El entrenador de Boca Juniors expresó su preocupación y autocrítica ante la próxima competición continental.
"Estoy preocupado por todo", manifestó el director técnico en una reciente conferencia de prensa. Arruabarrena analizó las falencias defensivas y ofensivas de su equipo, indicando que su adversario logró concretar en tres ocasiones ante su arco. "Nos llegaron tres veces y nos hicieron tres goles", enfatizó, añadiendo que, a pesar de dominar la posesión en el segundo tiempo, faltó el ímpetu necesario para buscar una posible recuperación.
Asimismo, el entrenador calificó la derrota como "un palo importante, duro" y subrayó que el plantel debe "agachar la cabeza, trabajar y levantarse", resaltando que en Boca no existe margen para el lamento. "El primer responsable soy yo", declaró, haciendo referencia a la exigencia del club de sobreponerse rápidamente, especialmente con un crucial partido de Sudamericana en solo cuatro días.
Arruabarrena también justificó algunas decisiones tácticas en la alineación, vinculándolas a la escasa recuperación del equipo. Recordó que el plantel no dispuso de las 60 horas mínimas de descanso entre encuentros y que tuvo que ajustar las cargas físicas pensando en el compromiso internacional.
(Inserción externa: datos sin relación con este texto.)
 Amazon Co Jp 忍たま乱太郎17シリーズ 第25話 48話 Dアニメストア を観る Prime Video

En este contexto, reafirmó su confianza en la totalidad del plantel. "El que los pone soy yo", declaró, enfatizando la importancia de mantener la moral alta y la necesidad de contar con todos los jugadores disponibles para el próximo desafío.
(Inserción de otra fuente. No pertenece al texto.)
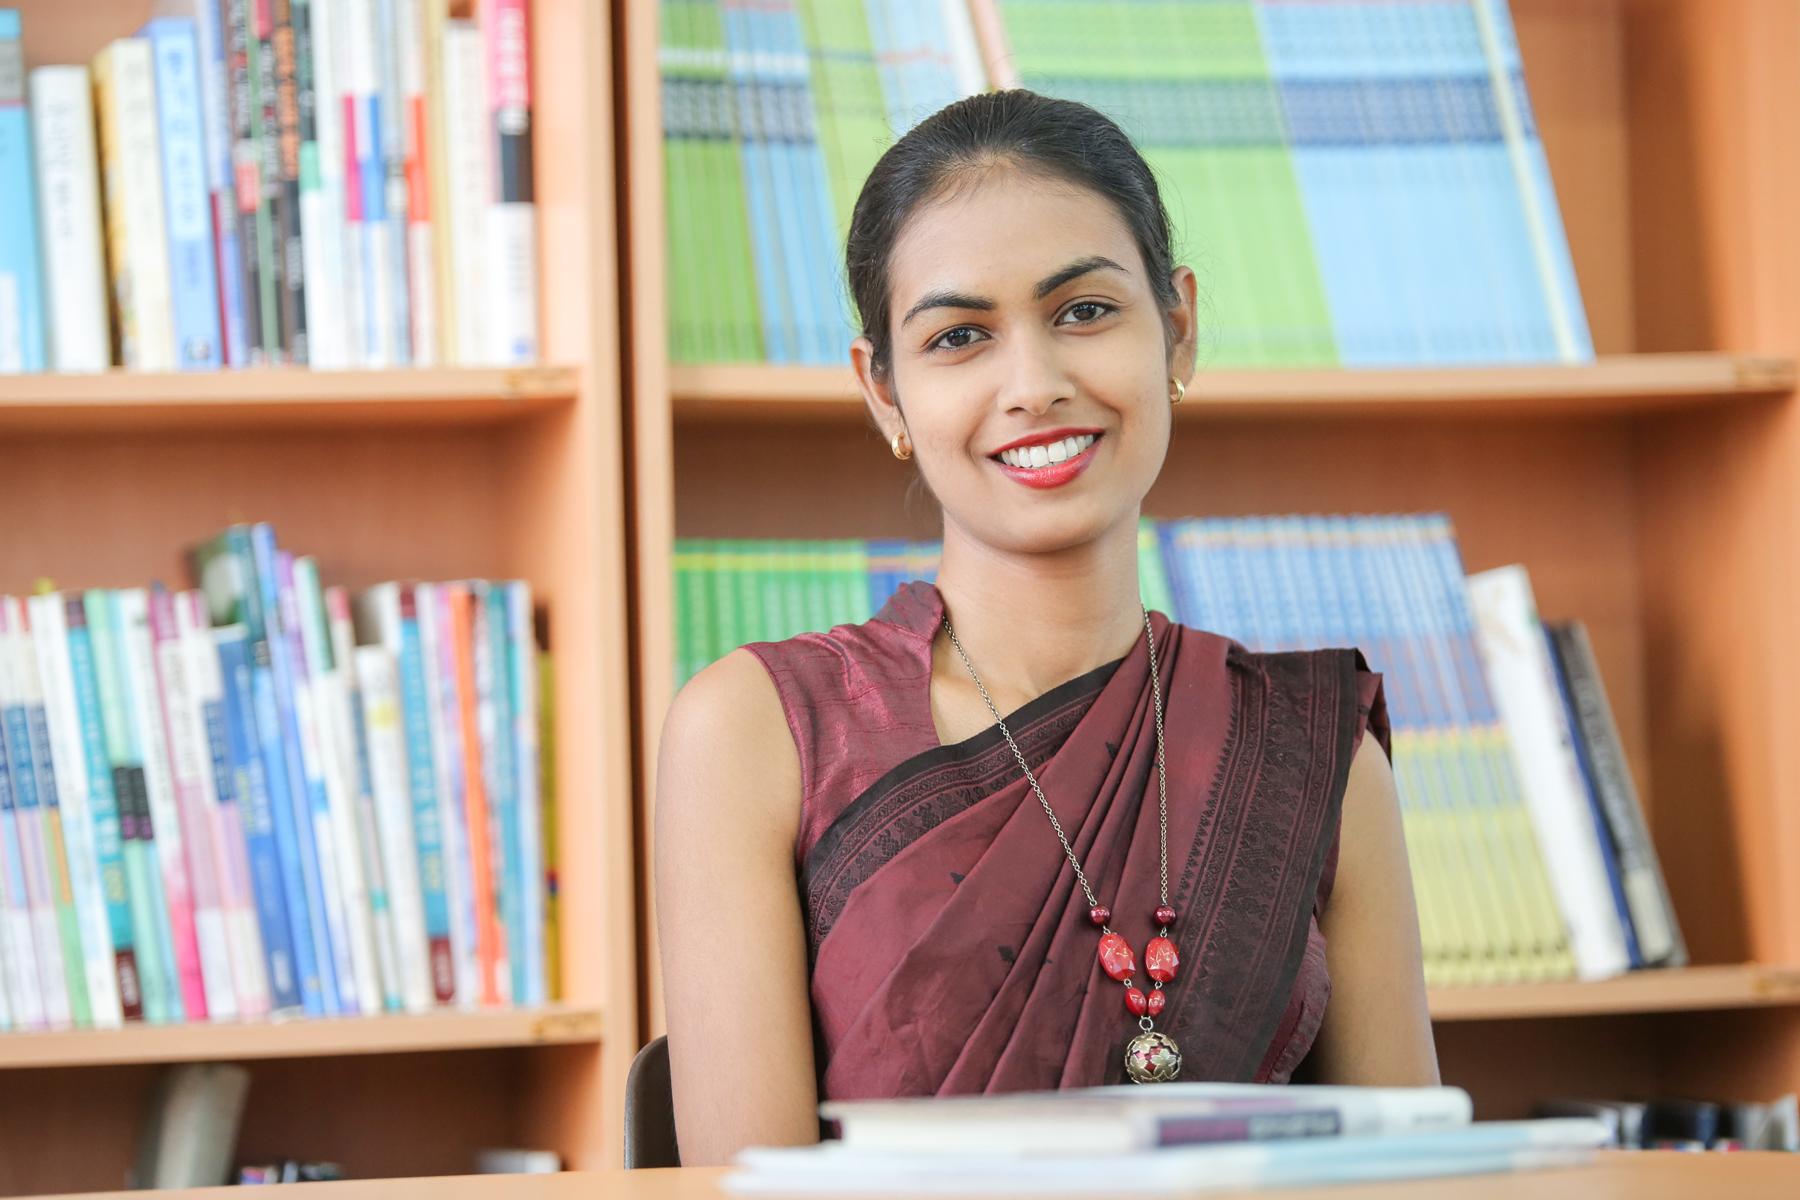 Ms. Imali Ruwanthika Edirisooriya

Al abordar la carencia de un centrodelantero tras la situación de Bareiro, confirmó que está colaborando con la presidencia para la incorporación de un delantero centro, aunque subrayó que la derrota no puede atribuirse únicamente a dicha ausencia. "Fallamos en muchas otras cosas", lamentó, resaltando que, a pesar de tener el control del balón, no se generaron situaciones de peligro efectivas.
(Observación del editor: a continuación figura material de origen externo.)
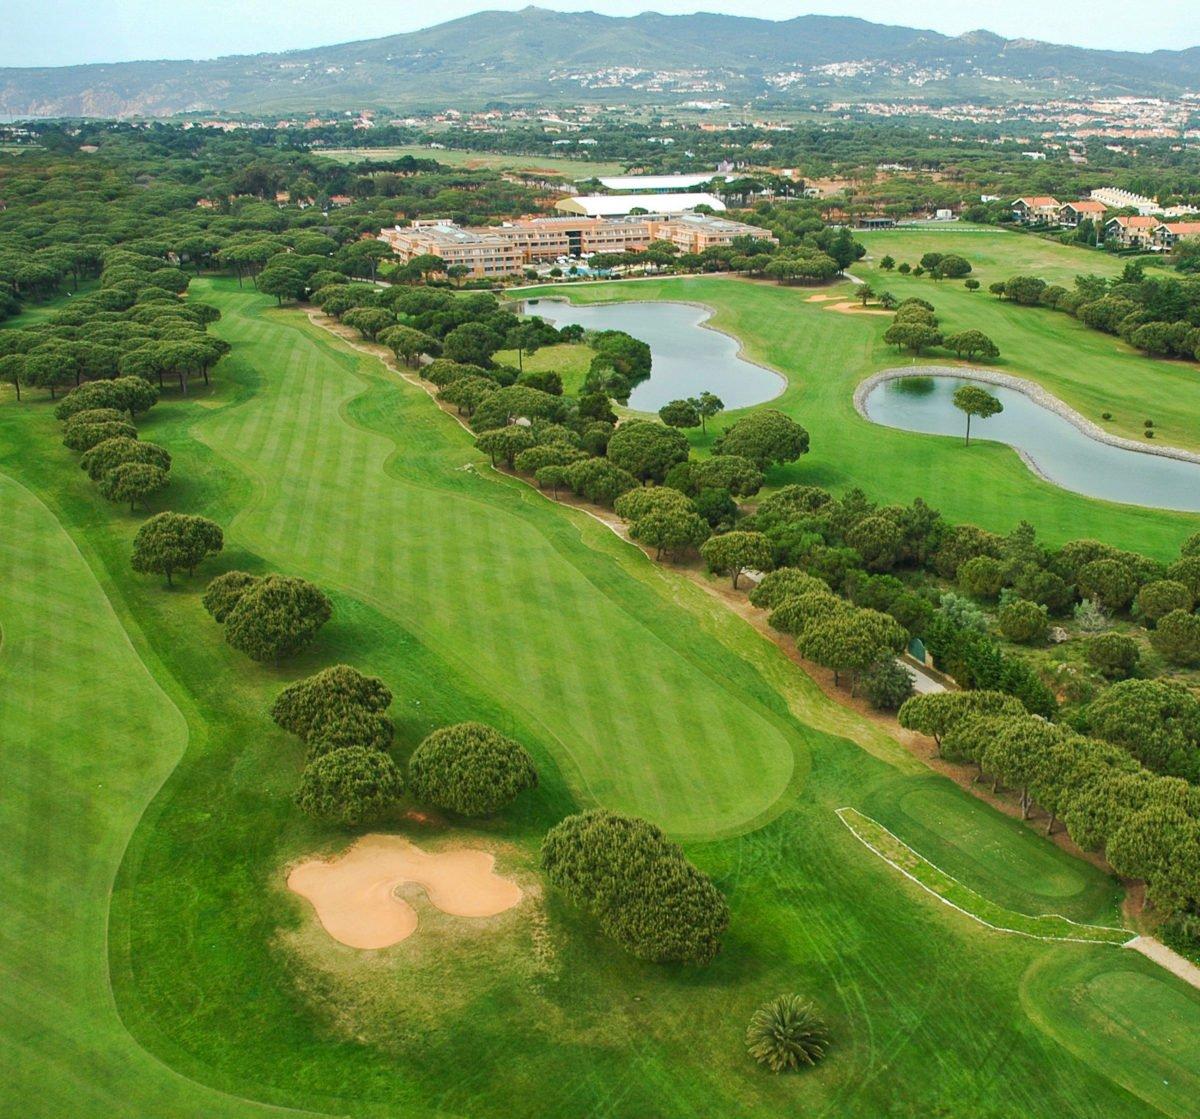 golfbutikken golfreiser quinta da marinha golf resort lisboa

El entrenador destacó que la verdadera prueba será la capacidad de respuesta del equipo a esta adversidad. "Sería una estupidez no levantarnos", insistió, advirtiendo que esta derrota no debería causar más daño del necesario. "Tenemos que aprender de este golpe", concluyó, señalando que conocían el estilo de juego directo del adversario, siendo el tercer gol resultado de un córner a favor, un aspecto que habían trabajado durante los entrenamientos, evidenciando que son detalles que nos están costando mucho.